When the line containing "Cory Slawson - Tempe" appears in the data below, begin copying there and stop only after the line containing "Eventbild für Paloma".
Material to process Start Marker
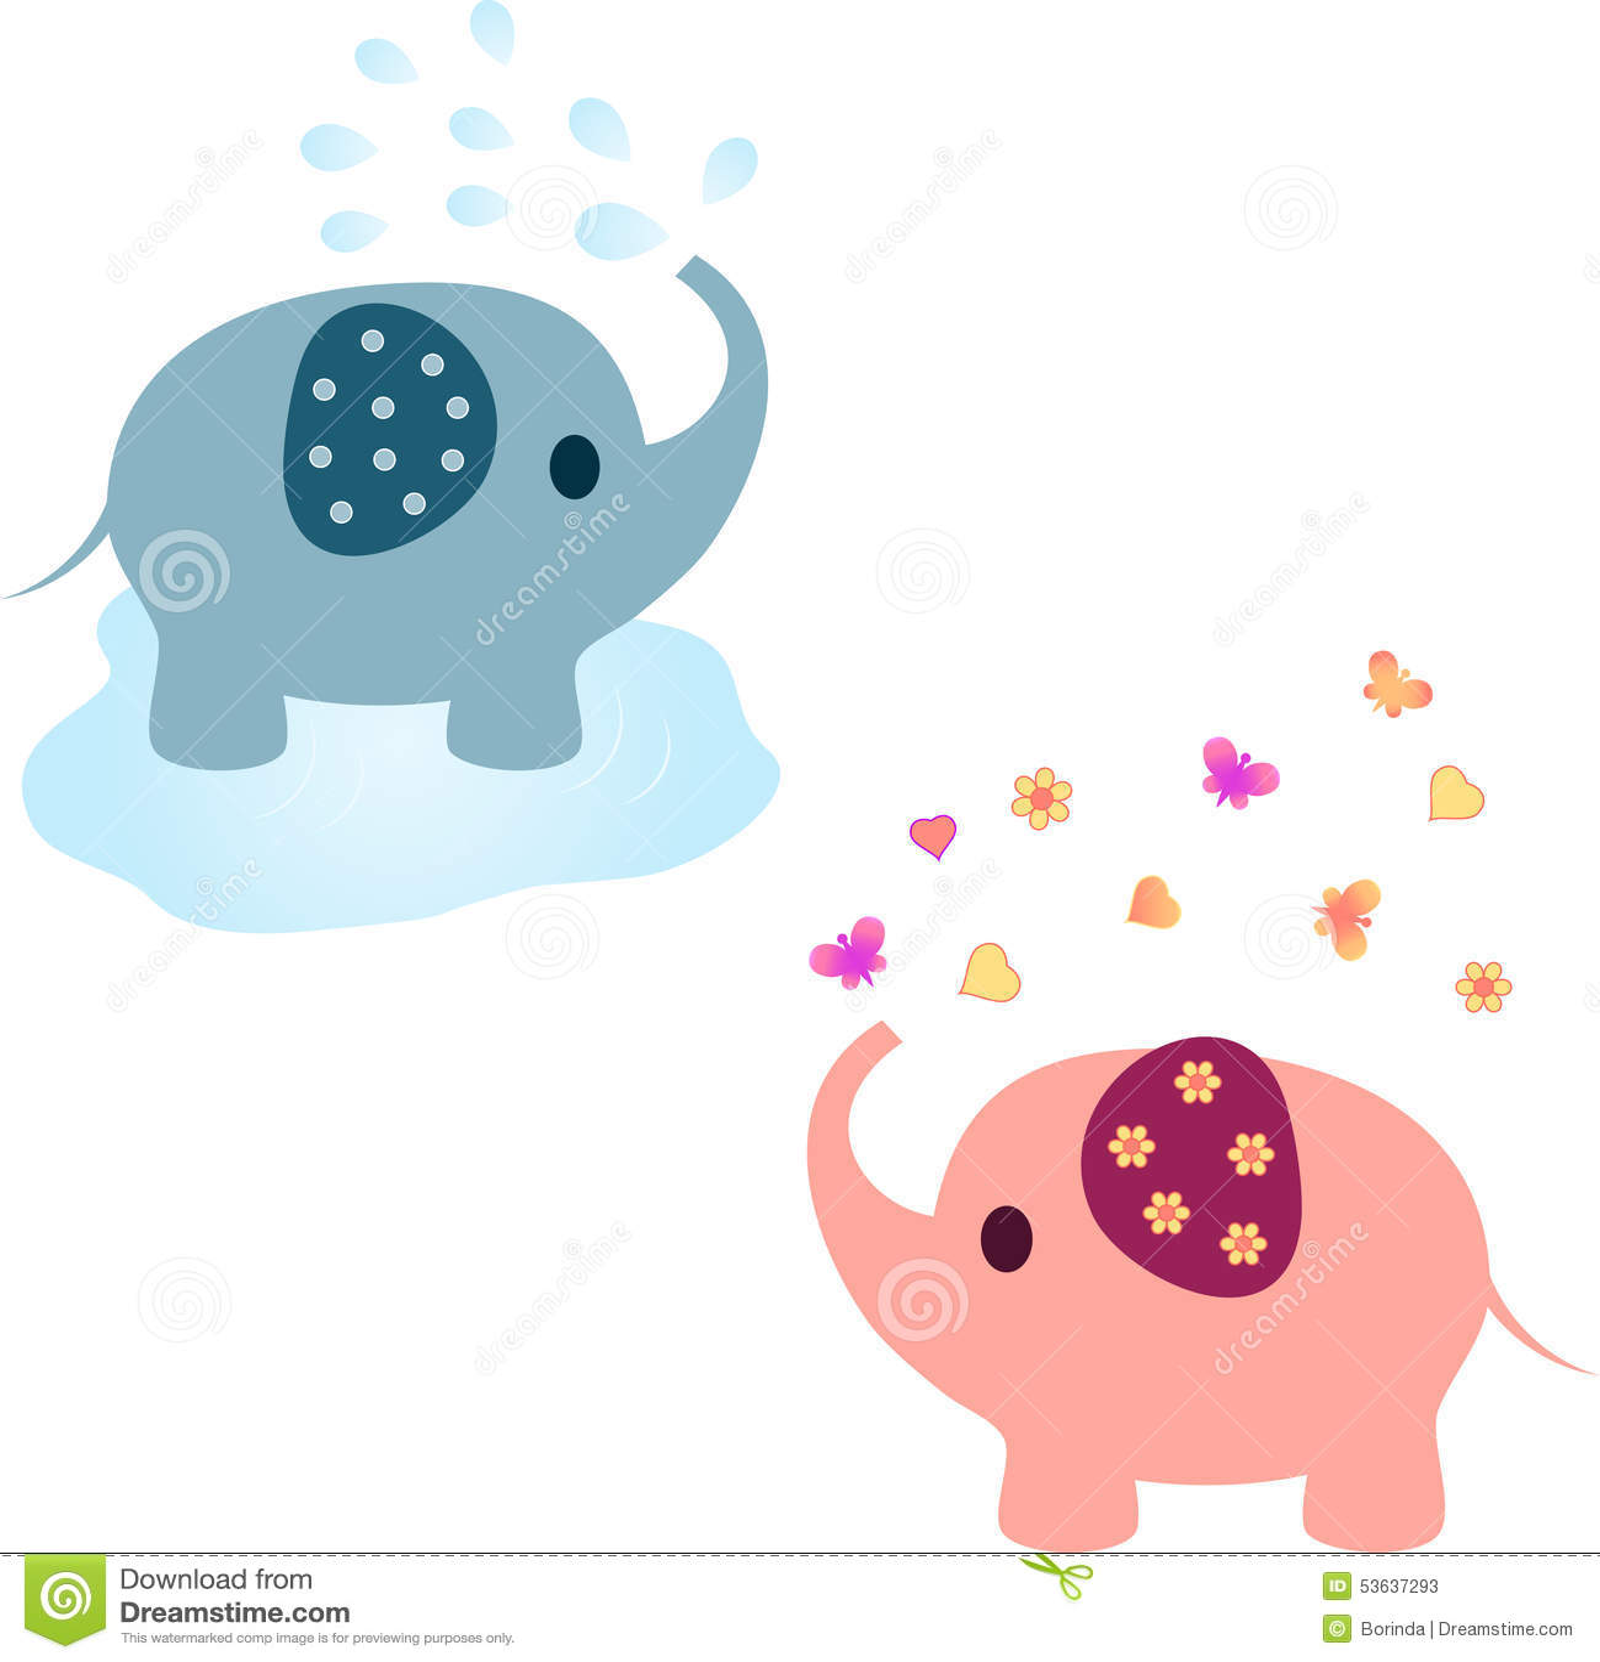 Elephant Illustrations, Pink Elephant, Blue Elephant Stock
Material to process End Marker
Material to process Start Marker
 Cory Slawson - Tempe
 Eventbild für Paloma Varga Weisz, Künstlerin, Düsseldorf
Material to process End Marker
### Result
 Cory Slawson - Tempe
 Eventbild für Paloma Varga Weisz, Künstlerin, Düsseldorf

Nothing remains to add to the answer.